Sir,

Familial exudative vitreoretinopathy (FEVR) is a hereditary disorder that is characterised by aberrant and incomplete vascularisation of the peripheral retina. An early diagnosis of FEVR is important for adequate genetic counselling and treatment. FEVR is a genetically heterogeneous disease that shows X-linked recessive, autosomal dominant, and autosomal recessive modes of inheritance. X-linked recessive FEVR has been associated with mutations in the Norrie disease (NDP) gene.1, 2

Case report

A 2-year-old male infant was diagnosed with FEVR on clinical grounds and a lack of prematurity. The patient presented as a 1 year old with a left esotropia and an abnormal red reflex in the left eye. Fundoscopy at EUA detected inferotemporal peripheral vascular and gliotic changes in the right eye and a dragged macula with retinal exudation in the left eye. The right eye was treated with retinal laser photocoagulation and the left developed a total retinal detachment. Both parents had normal retinal examinations and FFAs. His sister underwent an EUA and the retinae were normal. A major concern in the family was the risks to other children. DNA was extracted from peripheral blood leukocytes. The Norrie disease gene (NDP) was screened using Sanger sequencing by the NHS UK Genetic Testing Network (UKGTN). Mutational analysis of the NDP gene detected a C>T mutation in exon 2 resulting in a substitution of arginine by cysteine (p.Arg38Cys).

Comment

A French study identified this NDP mutation (p.Arg38Cys) in a patient with Norrie disease.

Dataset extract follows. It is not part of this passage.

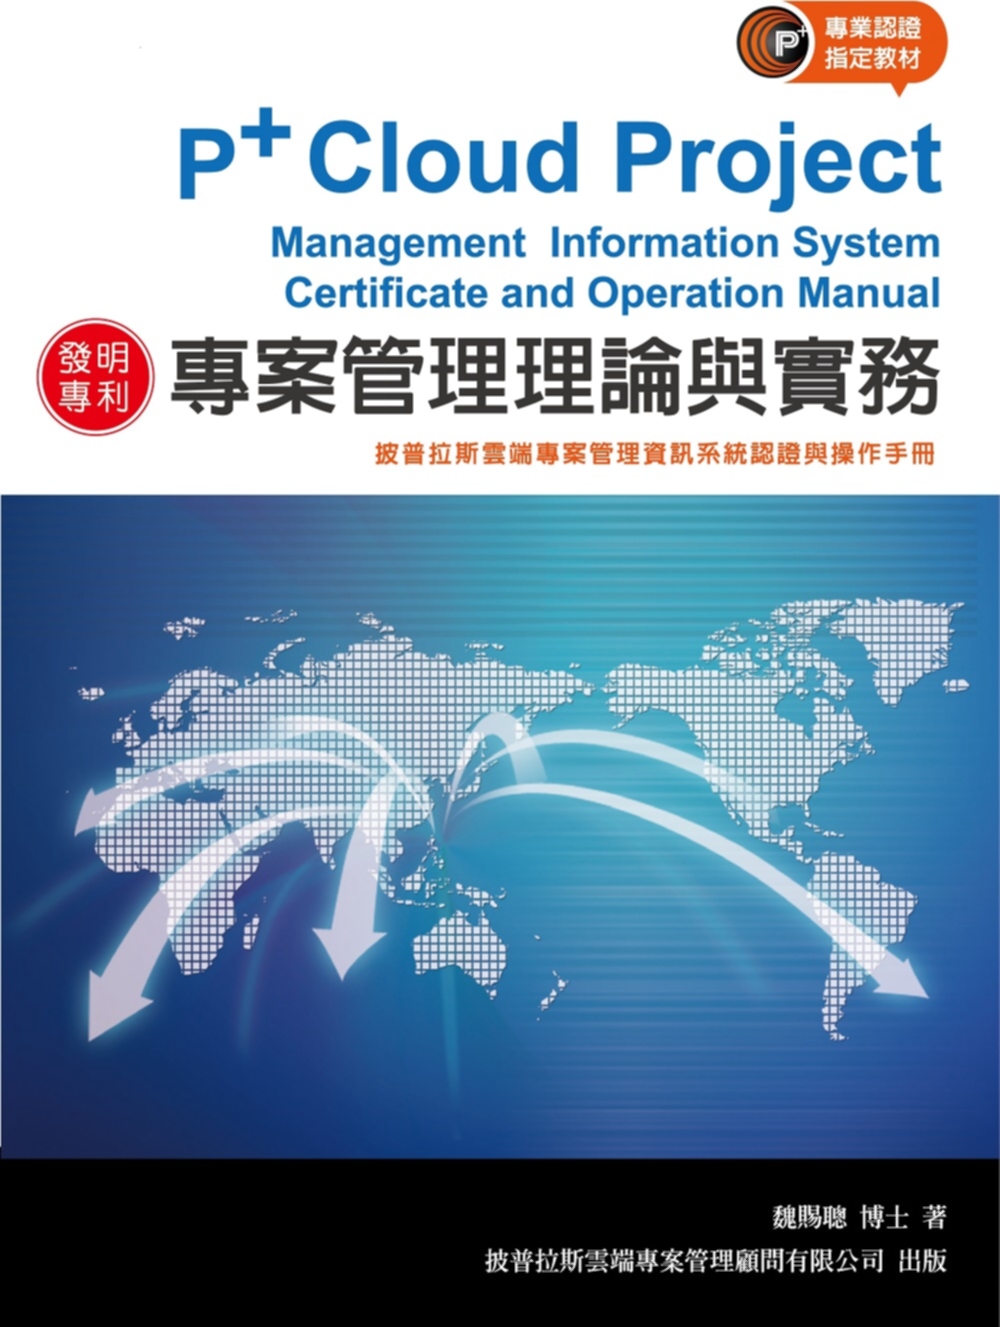 專案管理理論與實務：披普拉斯雲端專案管理資訊系統認證與操作手...

The sequence was only identified in one family and was not seen in 75 control chromosomes. Our examination of the literature for identical FEVR-related SNPs reveals a Spanish paper, which identified two families with XL-FEVR and this mutation. They shared other common pieces of DNA and were therefore assumed to be distantly related. The phenotype ranged from primary hyperplastic primary vitreous to XL-FEVR with variable ophthalmic signs. One family member who had the mutation did not have any signs of XL-FEVR and this was felt to be a case of incomplete penetrance. Genetic analysis of the NDP gene confirmed X-linked FEVR and enabled genetic counselling, thus removing the requirement of EUAs in at-risk children. The UKGTN now offers testing of three FEVR genes: NDP, frizzled–4, and LRP5, which will improve clinical care of families and children (Figure 1).

Figure 1
figure 1

The peripheral vascular and gliotic changes treated with retinal laser photocoagulation in the right eye.